ペートンタン首相が施政方針を発表、10項目について喫緊に取り組む

(タイ)

バンコク発

2024年09月20日

タイのペートンタン・チナワット首相は9月12日、国会で施政方針PDFファイル(外部サイトへ、新しいウィンドウで開きます)を発表した。この施政方針の中で政権が喫緊に取り組む10項目の政策が示された。概要は次のとおり。

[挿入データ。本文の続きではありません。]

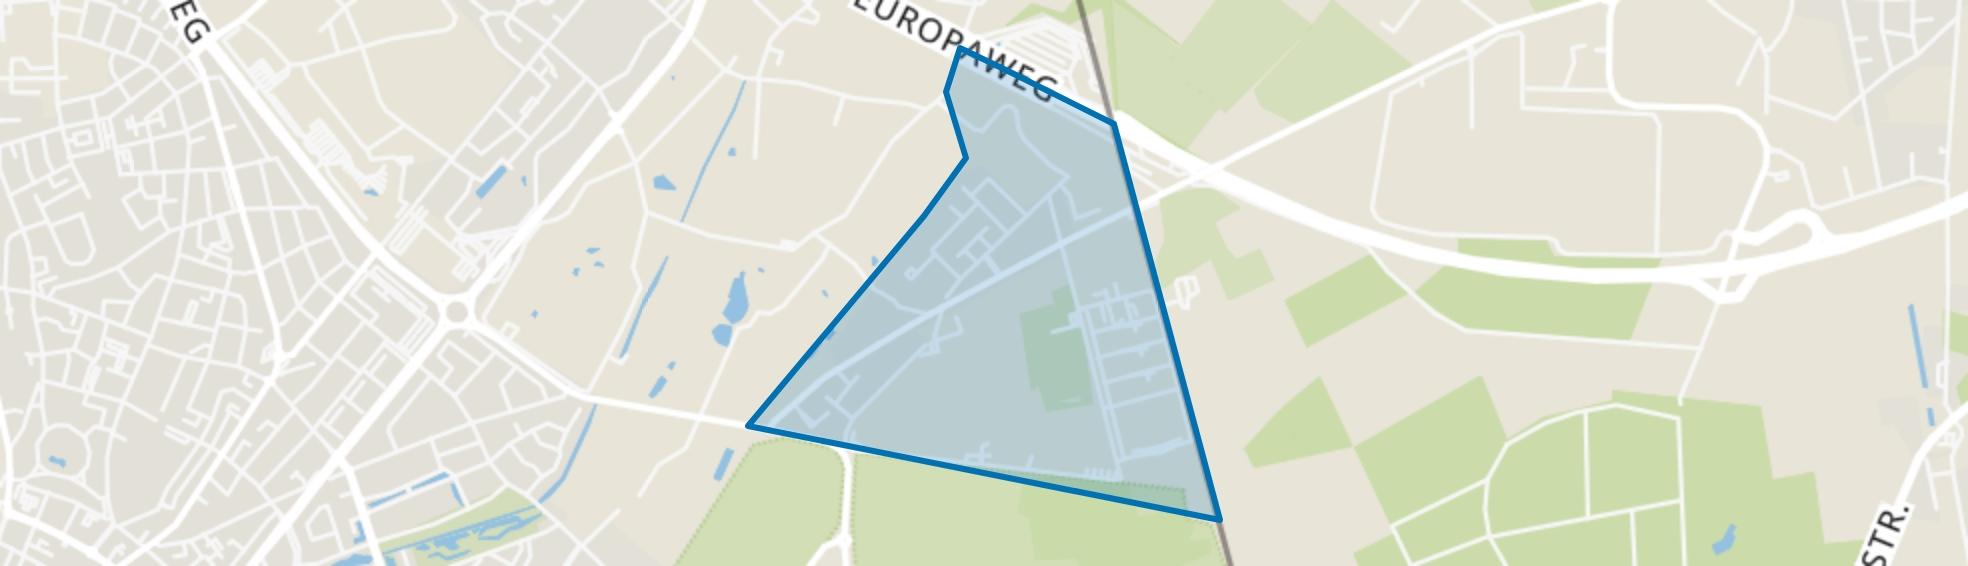 Herungerberg, Venlo map

  1. 自動車ローンと住宅ローンの再編を実施し、債務問題を解決する
  2. 外国企業との不公平な競争から中小企業を保護、支援する
  3. エネルギーコストと公共料金を引き下げ、直接電力購入契約(Direct PPA)などの規制を整備する
  4. 国家の歳入創出のために、非公式経済(Informal Economy)と地下経済(Underground Economy)に対し、税制を導入する
  5. 景気刺激対策として、デジタルウォレット政策を進める
  6. 技術促進により農家の所得を向上させる
  7. カジノを含む複合娯楽施設などの観光施設の建設を増やし、観光を促進する
  8. 近隣諸国と連携し、麻薬問題を解決する
  9. サイバー犯罪や国境を越える犯罪への対策に取り組む
  10. 社会福祉を増進する

また、ペートンタン首相は、中長期的な政策として、タイの競争力を向上させると強調した。加えて、現地調達率を向上させ、自動車産業の電気自動車(EV)への移行促進させること、 データセンターや半導体などの産業促進についても述べた。さらに、セター・タビシン前首相が推進した計画を継続することも説明し、南部におけるランドブリッジ構想、コンテンツ産業などのソフトパワー(注)の振興、カーボンニュートラルの実現、PM2.5などの大気汚染問題の解決、憲法改正なども取り上げた。

(注)ソフトパワーとは、その国が持つ文化や価値観で他国を魅了することで理解、共感などを得る力のこと。タイ貢献党の主要政策にも掲げられており、同党はソフトパワーを育成する分野として、現代アート、デザイン・工芸・ファッション、観光、スポーツ、食品、映画、書籍、音楽・祭典を掲げていた。